Tech companies say no to CISA. Too late?

Twenty-three technology companies have come out against a U.S. Senate bill designed to encourage businesses to share cyberthreat information. Whether their opposition can stop the bill from passing is a big question mark.

This week, Apple and Dropbox joined the opposition to the Cybersecurity Information Sharing Act (CISA), as the Senate moves to vote on the bill in the coming days. Opponents, which have called the bill a surveillance bill in disguise, also include Google, Microsoft, and Amazon.com, according to a scorecard compiled by digital-rights group Fight for the Future.

Still, it appears that CISA likely has the support of 60-plus senators—enough to pass the bill in the Senate.

“I think it’s fair to say we’re facing an uphill battle to block the bill,” said a staffer for a senator opposing the bill.

But with Twitter, Yelp, and the Wikimedia Foundation also voicing opposition to the bill in recent days, opponents say they haven’t lost hope. Senators opposing the bill managed to put off an attempted vote in August.

“CISA is going to be very hard to stop, but these announcements by America’s most significant tech companies… definitely improve the privacy movement’s chances of stopping this bill.” — Holmes Wilson, co-founder of pro-privacy group Fight for the Future

“The tech company opposition to CISA is big,” the Senate staffer said. “We’ll have to see whether it makes a difference in stopping this thing.”

The voices of Apple and other tech companies opposing the bill are “impossible to ignore,” added Holmes Wilson, co-founder of Fight for the Future. “CISA is going to be very hard to stop, but these announcements by America’s most significant tech companies… definitely improve the privacy movement’s chances of stopping this bill.”

Several lawmakers spoke in favor of CISA on the Senate floor Wednesday. CISA, aiming to give businesses more information about ongoing cyberattacks and protect those who share it, “addresses a very real problem,” said Sen. Chuck Grassley, an Iowa Republican.

Tech companies who don’t like the bill don’t have to participate in the information-sharing process, added Sen. Richard Burr (R-N.C.), the bill’s sponsor.

“This is a voluntary bill; there’s nothing mandatory in it,” he said. “Choose not to inform the federal government when hackers have penetrated your system and stolen personal data out of it.

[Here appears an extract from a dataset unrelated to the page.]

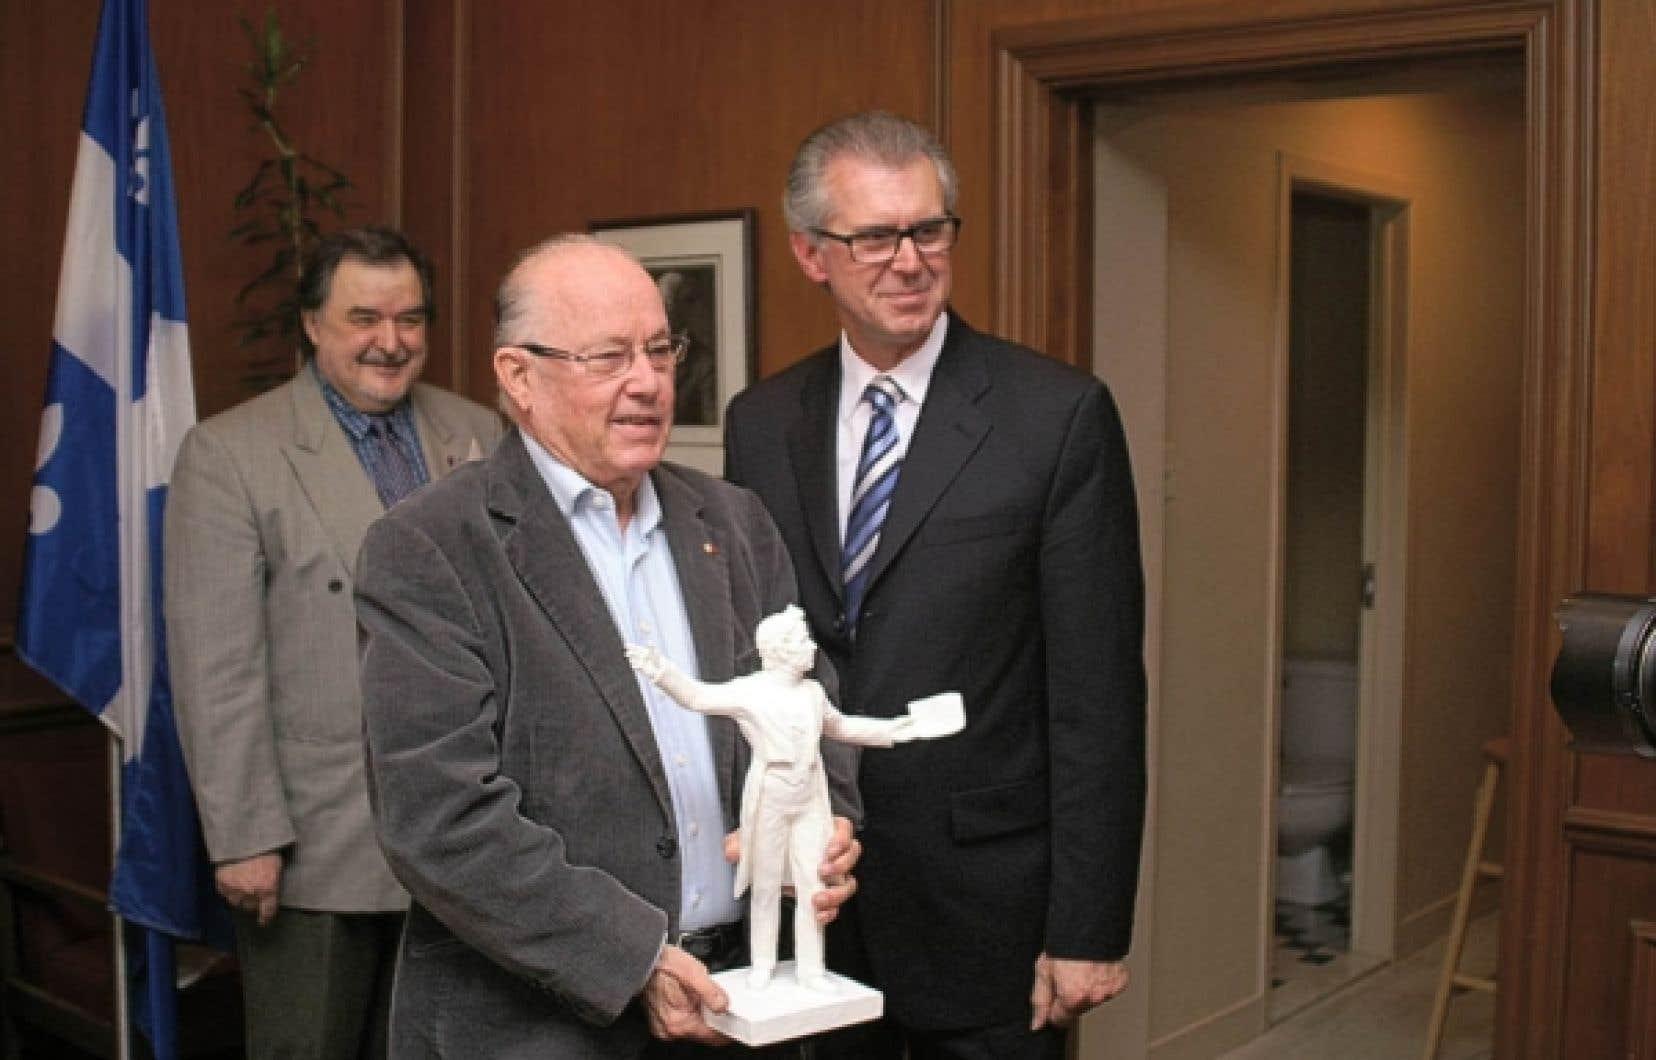 L'ex-premier ministre Bernard Landry, en compagnie de Benoît Roy (à droite) et de Gilles Rhéaume, respectivement président et membre du Comité du mémorial.<br />

Don’t ruin it for everybody else.”

It’s ironic that some of the biggest opponents of the bill are companies that “hold the largest banks of personal data in the world,” Burr added. “The decision whether they utilize this voluntary system to further protect the personal data that’s in their system is between them and their customers.”

Sponsors of CISA aim to encourage businesses to share information about cyberattacks with each other and with government agencies. The bill would protect businesses that share cyberthreat information from consumer privacy lawsuits and from federal antitrust enforcement for sharing information with competitors.

But for companies sharing threat information with government agencies, the bill has limited requirements regarding stripping out customers’ personal information, opponents say. Shared information would go to the parent agencies of the FBI and the NSA, which could in turn use the customer data to investigate crimes unrelated to cybertheft, critics say.

The bill has several procedural hurdles to clear on the Senate floor this week, and a final vote is expected early next week. If the bill passes in the Senate, it would go to a conference committee to work out the differences between CISA and two similar House of Representatives bills that have already passed.

President Barack Obama has raised concerns about privacy protections in a past cyberthreat information-sharing bill, but his administration indicated support for CISA in August. CISA’s other high-profile supporters include the U.S. Chamber of Commerce, the National Cable & Telecommunications Association, and mobile-carrier trade group CTIA.

In recent days, privacy advocates at Fight for the Future and the Electronic Frontier Foundation have pushed for the public to add their voices to the opposition.

In a Wednesday e-mail, the EFF urged people to contact their senators and voice opposition to CISA.

“CISA is fundamentally flawed because it creates aggressive spying powers for the government and broad immunity clauses for companies,” the group wrote. “It’s only your e-mails, faxes, and phone calls that have stopped this bill from moving forward.”